Guarding Against Selection Bias
Selection bias is hard to eliminate but can be mitigated with rigorous practices. These separate good research from bad.
Best practices in research:
Pre-registration: Specify hypothesis before seeing data (medical trials standard)
Out-of-sample testing: Test on data not available when factor was published
Cross-region replication: Factors should work globally if they’re real
Multiple testing corrections: Use t > 3 threshold (Harvey 2017) instead of t > 2
Economic theory: Value/momentum have theoretical foundations; “vowel tickers outperform” doesn’t
For Coursework 2: Intellectual Honesty Earns Marks
If you tried 3 factors, disclose that (don’t pretend you tested only 1)
Report robustness failures, not just successes
If alpha is t = 2.1, acknowledge it’s marginal, not “strong evidence”

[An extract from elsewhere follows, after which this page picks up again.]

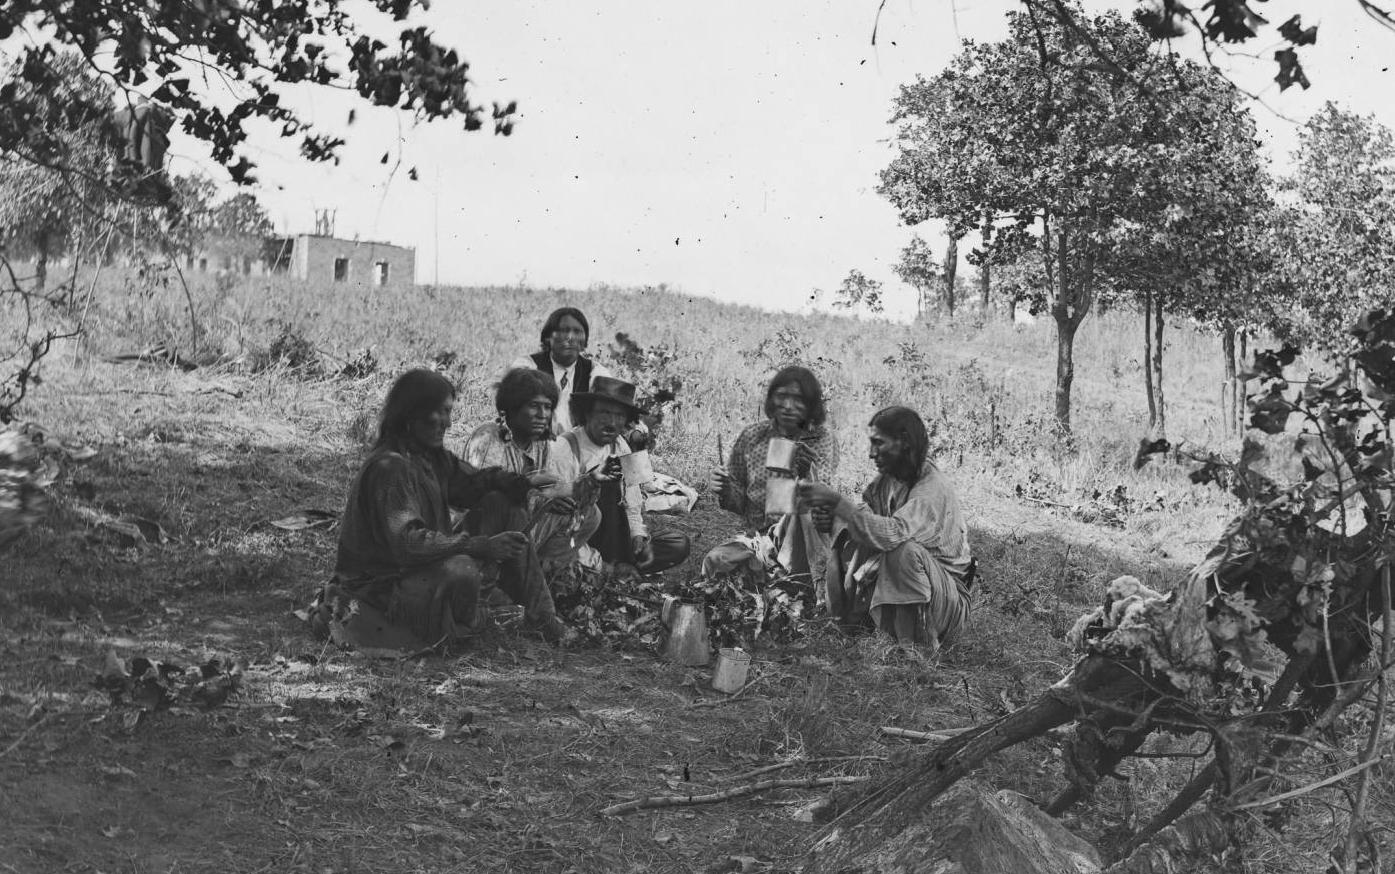 http://www.american-tribes.com/messageboards/dietmar/DangerousEagleBlackBear.jpg

The 35% Critical Analysis component explicitly rewards honest limitation discussion
Part IV : Critical Analysis: What Makes Interpretation Rigorous?
Beyond Reporting Numbers: Ask Questions
Weak analysis (reporting):
“Value factor earns 0.5% monthly alpha with t = 2.3 (significant). Sharpe ratio is 0.4. Results are robust to sample split.”

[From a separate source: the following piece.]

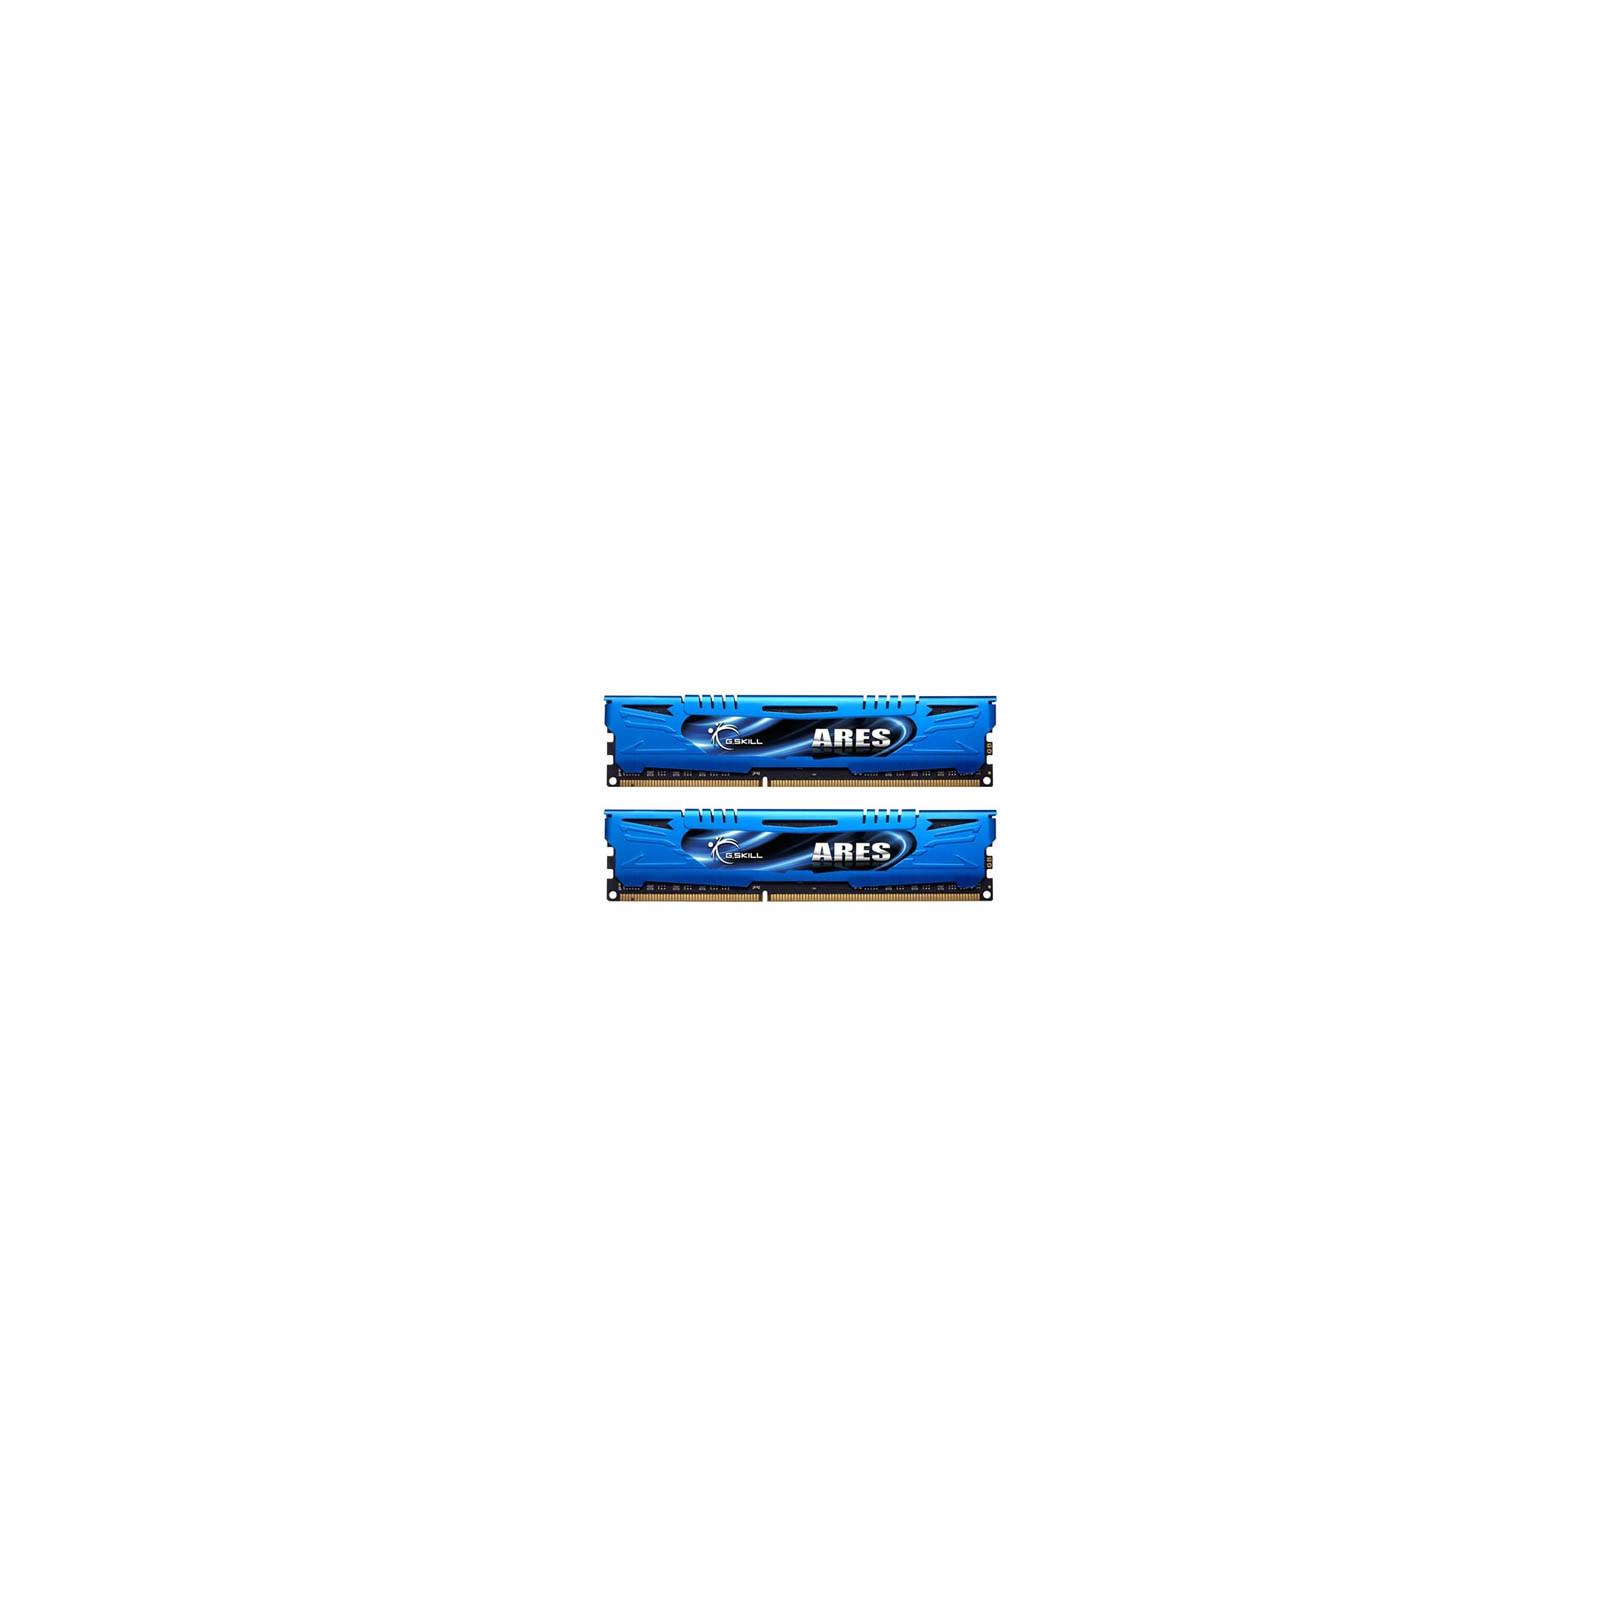 Модуль памяти для компьютера DDR3 8GB (2x4GB) 2133 MHz G.Skill (F3-2133C9D-8GAB)

Strong analysis (interpretation):
“Value earns 0.5% monthly alpha (6% annualised). This is economically meaningful but modest. Statistical significance (t = 2.3) suggests it’s not pure luck, but close to threshold. Sample split shows alpha is stable (0.6% first half, 0.4% second half), increasing confidence. However, transaction costs (~0.2% monthly for value rebalancing) would reduce net alpha to 0.3% (3.6% annualised). Is 3.6% net alpha sufficient to compensate for tracking error and implementation frictions? Original paper reported 8% annualised: our replication shows 50% lower alpha, consistent with post-publication decline documented by Jensen et al. (2024).”
Interpreting Your Factor Results
When you analyse your factor’s performance, interrogate your conclusions:
Statistical vs economic significance: A t-stat of 2.1 clears the 1.96 threshold: but how confident would you be investing real money on that evidence?

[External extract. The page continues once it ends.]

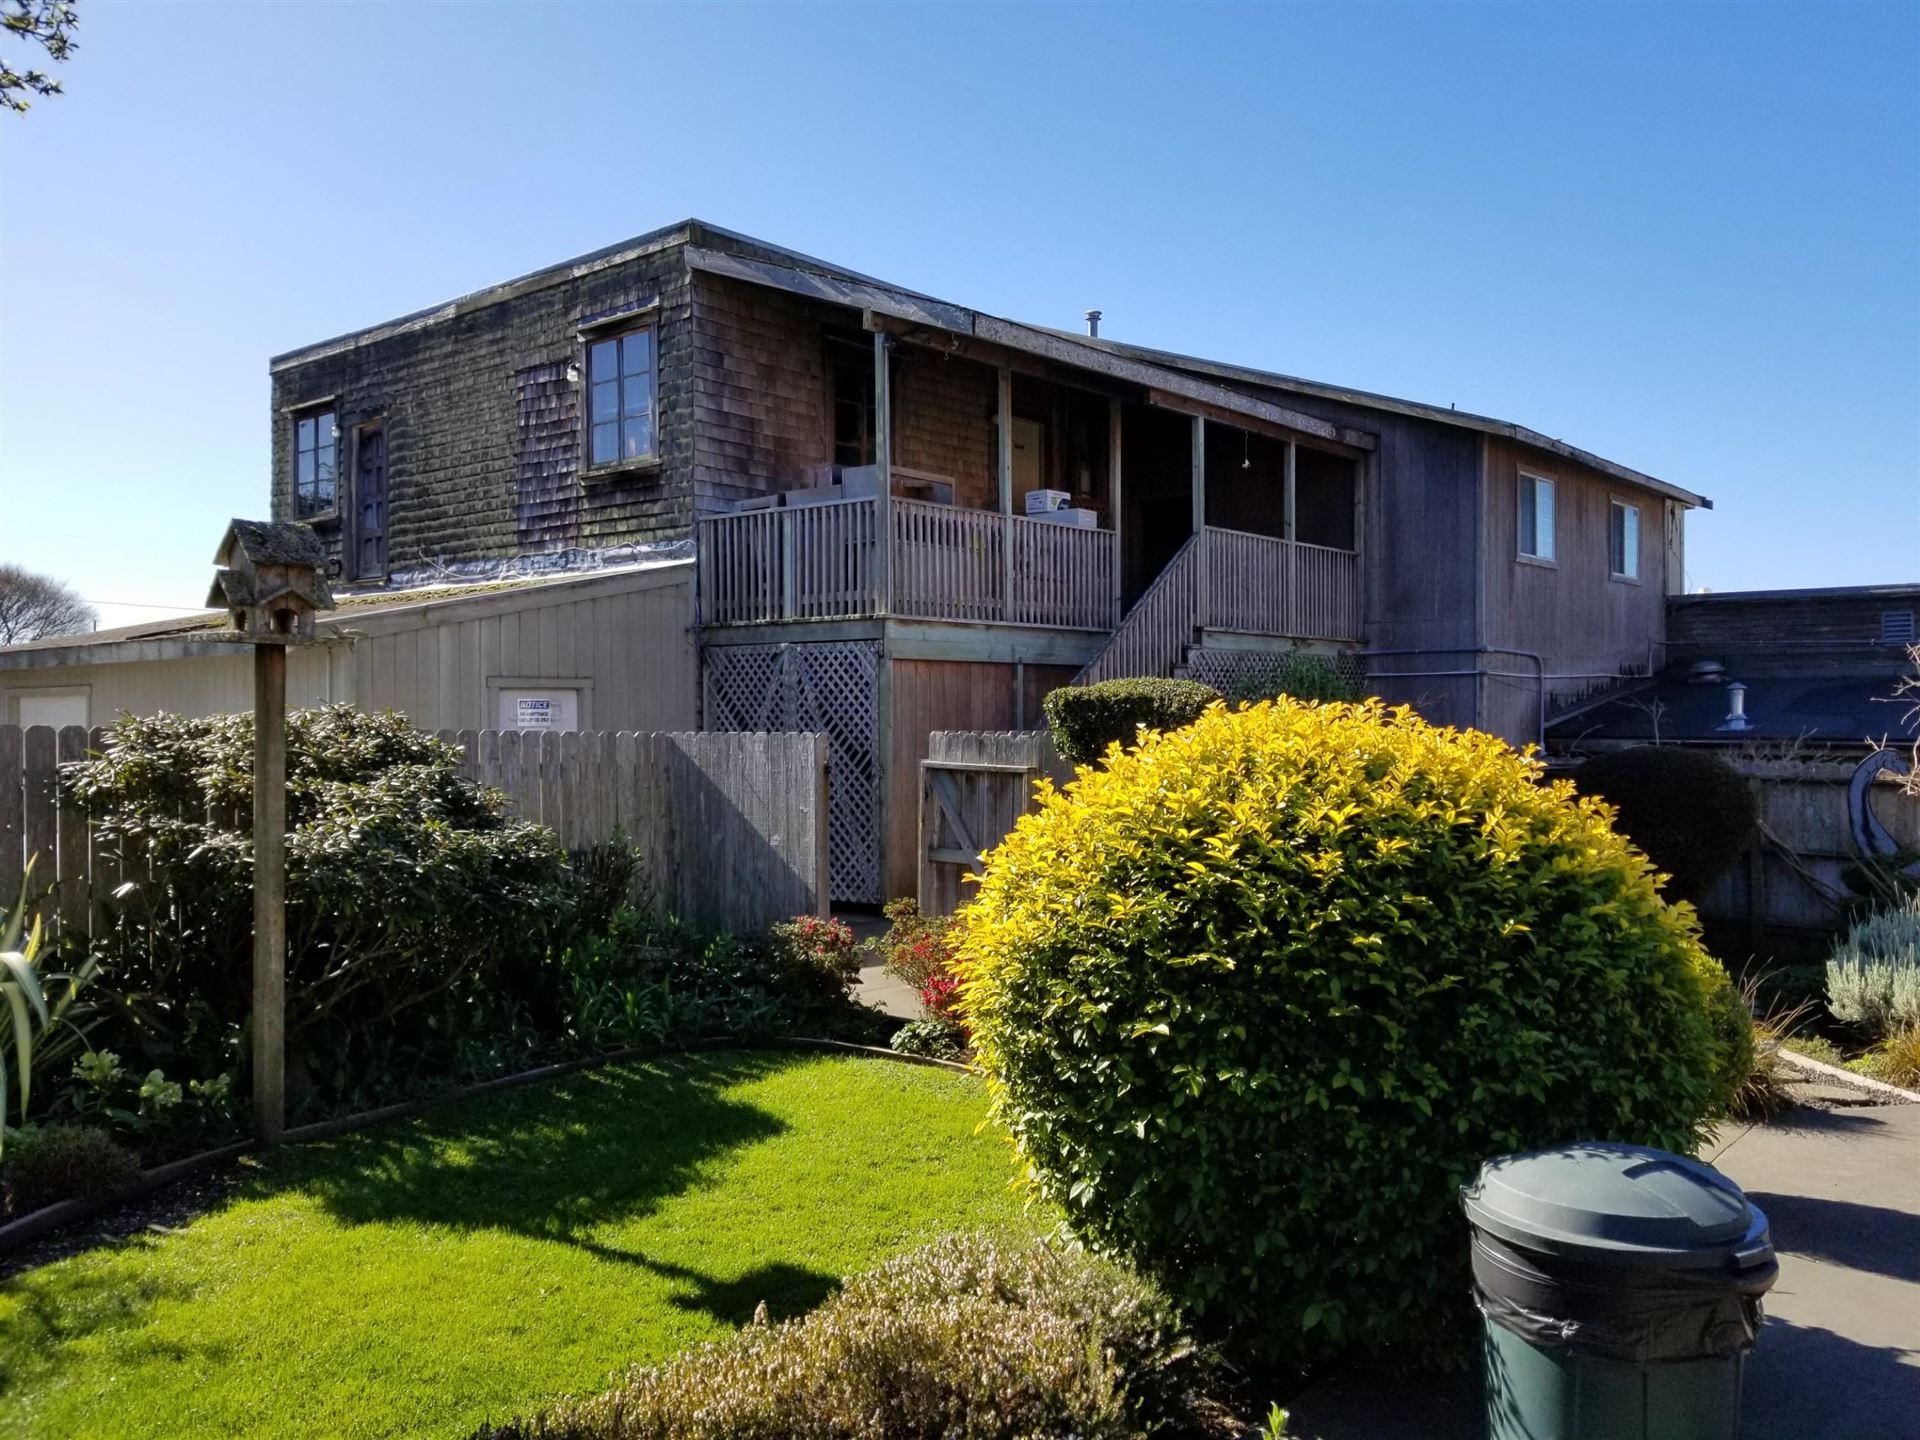 282 Loleta Drive, Loleta, CA 95551 - MLS#: 257401

Scale matters: What does 0.1% monthly alpha actually mean for an investor over a year? Is that worth pursuing?
Benchmarking performance: If the market delivers a Sharpe ratio around 0.4, what should you conclude about a factor with Sharpe of 0.3?
Robustness integrity: If some of your robustness tests pass and others fail, what story does that tell about your factor?
From paper to portfolio: What happens between calculating returns on a spreadsheet and actually implementing a trading strategy?
The Implementation Gap
Academic factor returns assume frictionless trading. Real portfolios face transaction costs, market impact, and timing constraints. How might these affect your conclusions?
Part V : Preparation for Coursework 2: Principles, Not Templates
What the Scaffold Provides vs. What You Must Provide
The scaffold notebook is deliberately comprehensive: we want you to focus on understanding and interpretation, not debugging code. The 35% Critical Analysis component is where marks are won or lost.
Scaffold provides (execution):
Working code for data loading, alpha regression, robustness checks
All necessary functions pre-written (HAC standard errors, sample splits)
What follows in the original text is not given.